“You can’t always get what you want,” The Rolling Stones sang. “But sometimes, you get what you need.”
That’s how we feel about our May Visionary Gardens issue. It’s not exactly the issue we planned. Both our When & Where and Watch pages are a bit thin. And yet, it’s the issue all of us need right now as we continue to shelter in place amid the coronavirus. As we hunker down, it’s the perfect time to “cultivate our gardens,” as Voltaire would say, literally and metaphorically. So we have a story about the trend to revive the wartime victory garden by planting summer and fall vegetables for greater self-sustenance. Doug, our in-house Dionysus, shows you how to make wine at home. Cami tells you how to make your homes sanctuaries for plants and cut flowers. Jeremy clues you into terrific takeout (and curbside pickup). Ellen Easton, tea expert extraordinaire, offers everything you ever wanted to know about the beverage (and then some) while helping you personalize a virtual afternoon tea that can be as formal or informal as you’d like.
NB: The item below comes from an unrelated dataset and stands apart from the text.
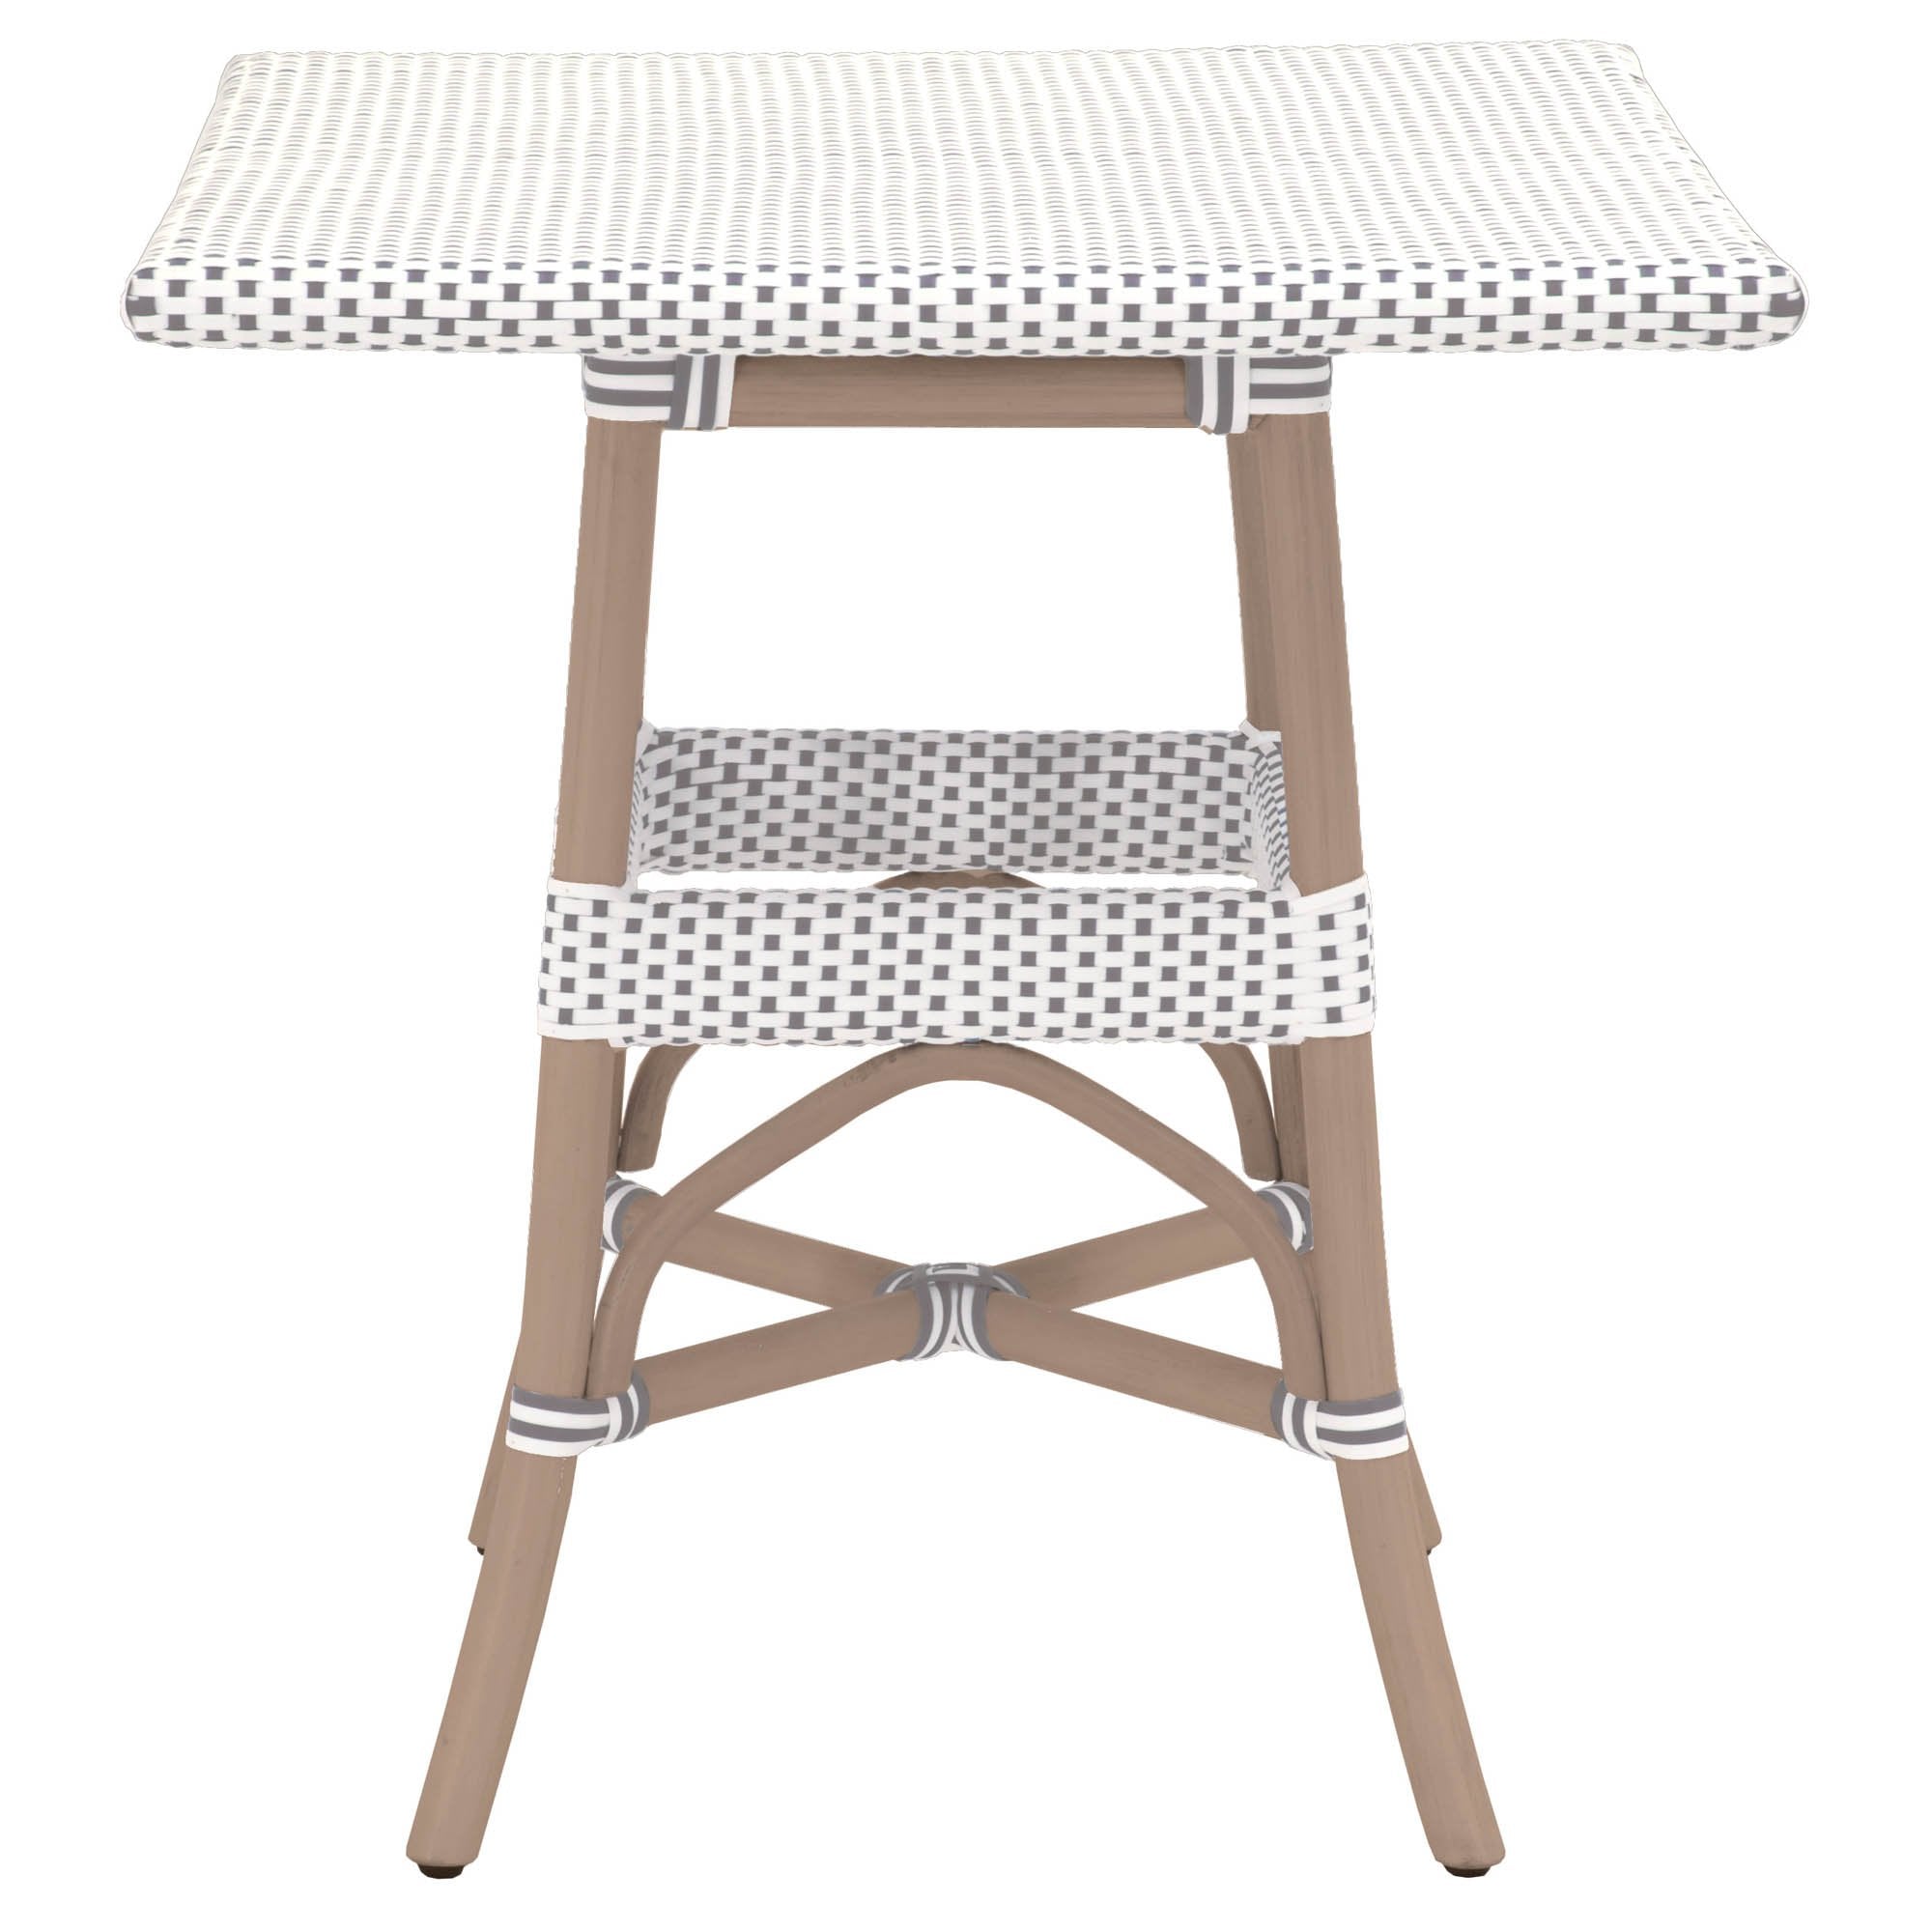 Paris Square Dining Table in Gray & White Check

Of course, when it comes to home and gardens, some of us are less green thumbs than all thumbs, as you’ll see in our opening essay in which we explore the perils of plant parenting — particularly for us Athena types, warrior goddesses with mothering issues. This kind of story — in which one thing (plant parenting) really stands in for another (the complex parent-child bond) — is, of course, the essence of WAG: We’re a sophisticated, cultural luxury lifestyle magazine. In times of stress, you can’t lose sight of who you are. But like flora and the fauna that feed on them, you adapt to changing times. And so, as always, we balance the purposeful with the escapist.
Jeremy, who does both beautifully, profiles photographer-environmental activist J Henry Fair as well as Mark and Jody Rollins, business retirees who’ve re-bloomed as coaches for would-be retirees. Then Jeremy switches gears to recall his favorite exotic haunts while also introducing us to some of the ladies of the Bourbon Women Association. Debbi, whose ability to transform the world through luxe beauty products and travel gifts remains unparalleled, has a bouquet of them for mothers — who, yes, will set sail once again someday. And Barbara recalls an historic Viking River Cruise to Amsterdam, land of tulips.
Meanwhile, Phil, who can ferret out an unusual story like nobody’s business, has poppies on the brain as he recalls the intrigue behind the troubled international thriller “The Poppy is Also a Flower” (1966). Gregg catches up with singer-actress Lucie Arnaz, daughter of Lucille Ball and Desi Arnaz, wife of actor Laurence Luckinbill and former Katonah and Connecticut resident. Though Arnaz, who’s scheduled to appear to Feinstein’s 54/Below in June, now makes her home in California, it’s clear she left her heart in WAG country. And Robin brings a smile to your face with a Pet Portrait of Susan Herbert’s book “Impressionist Cats.” Who knew the finicky felines deigned to “pose” for Monet and company?
Meanwhile, Katie’s column on botanical art objects and our bouquet of local nature-inspired art will stir those collecting juices. Now may not be the right moment for new acquisitions. But while we have to have our practicality, we have to have our dreams, too.
In a way, our cover subject, Marc Hruschka, synthesizes both. The recently appointed president and CEO of Graff USA — whom we met at the Graff boutique in The Vault, one of The Saks Shops at Greenwich, before the lockdown took place — is remarkably down-to-earth for someone who’s a leader in a dazzling field. He reminds us very much of Edna Ferber’s description of wheat and emeralds in the novel “So Big” (1925). Wheat people are of the land. Emeralds are the artistic folk. Marc — a Westerner who has a 20-acre spread in Texas but also lives in Manhattan — is both wheat and emeralds, a lover of the great outdoors as well as of Graff’s aesthetic, which includes floral- and butterfly-inspired diamonds.
Why should we care about diamonds or the arts or anything of decorative beauty in a time of disaster?
Because like the land itself, it’s something that lasts, something that has value, something to remind us of better days ahead.